It’s not often that Google introduces modifications that genuinely improve the way I work. Sure – plenty that are nice to haves (I just played with the latest version of Google Maps – and it looked and worked great – but a bit unnecessary since I had no problem with the old Google Maps, it did everything I needed it to do pretty well), but few that are a genuine improvement.
So I was pleasantly surprised when I first had a play around with the new Gmail interface.
In short, they’ve added automatic filtering for different types of messages: primary (typically emails from real people – stuff that could be expected to require an action or a response), social (updates from Facebook, twitter, LinkedIn, or whatever), promotions (all my email newsletters go in here, promotions from suppliers who I have a relationship with, and so on), updates (has my Amazon order shipped yet?) and forums (I’m active in a few online forums – and they all go in here).

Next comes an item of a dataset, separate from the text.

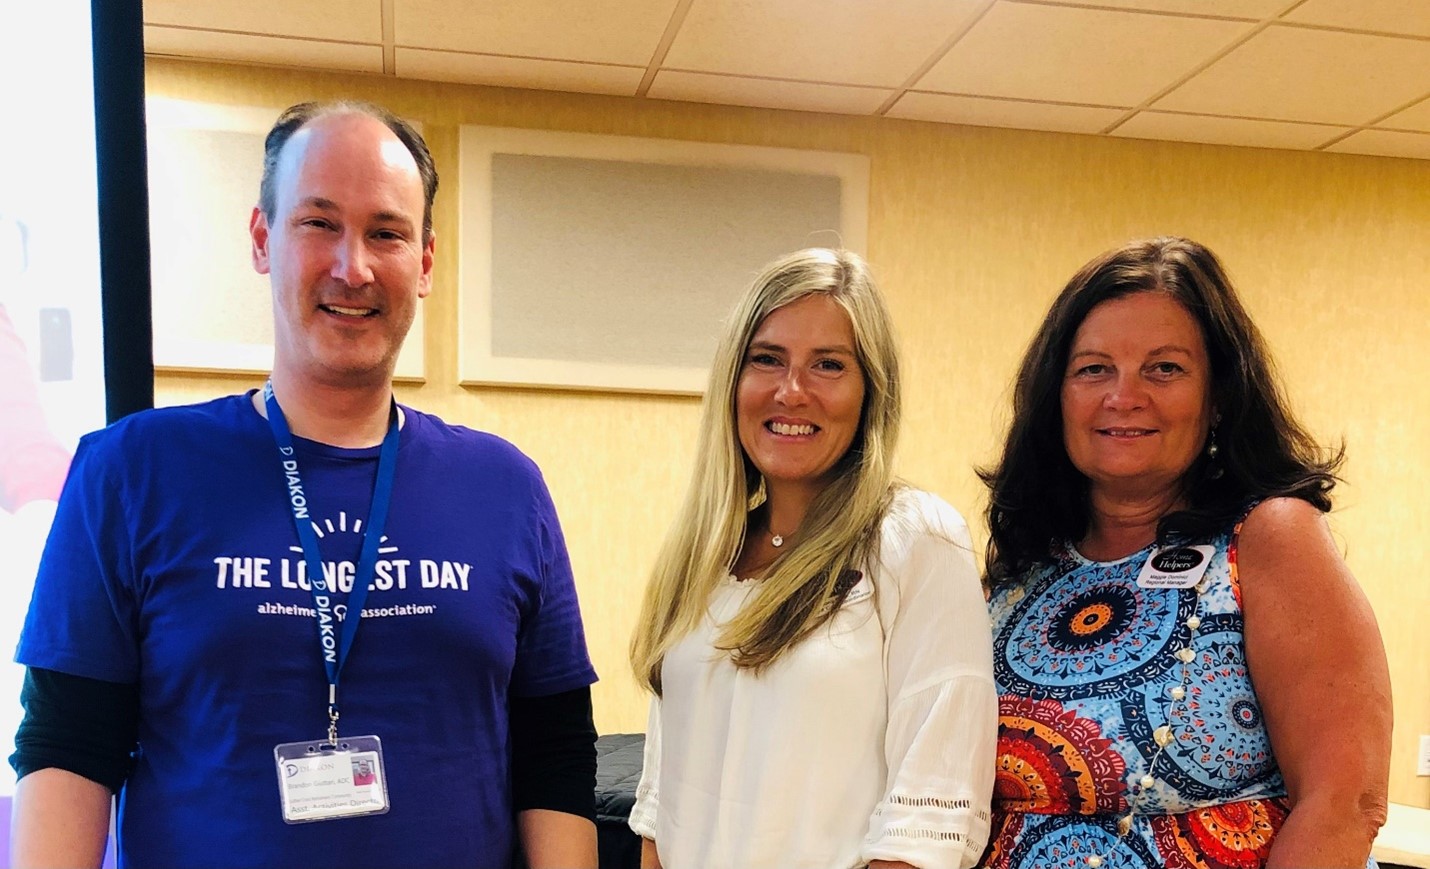 Home Helpers’ Lehigh Valley Management team, including Nurse Care Manager, Meloy Horn, RN (center) and Maggie Dominici, Regional Manager (right) are pictured along with a representative of Luther Crest Continuing Care Retirement Community in Allentown, Pa

Nice. Of course, the most surprising thing about it is that it works – I’ve not had to shift any messages from one box to another (although I could easily if I needed to, and the act of doing it once should ensure that Gmail learns for next time) and all the groupings so far seem sensible and relevant.
It’s even happy on my Android phone. The split into inboxes hasn’t been disruptive at all, it works as I would expect. My only complaint so far is that sometimes the message counts aren’t right in the mobile app – but that used to happen before. Hopefully it’s a bug that’ll get iron out.
What all of this means is that I can process emails in batches more easily. I know that I can leave my ‘social’, ‘forums’, ‘updates’ boxes alone all day (all week) if I wanted to – I’m not distracted by a bloated ‘unread count’ – and only deal with emails in my priority inbox.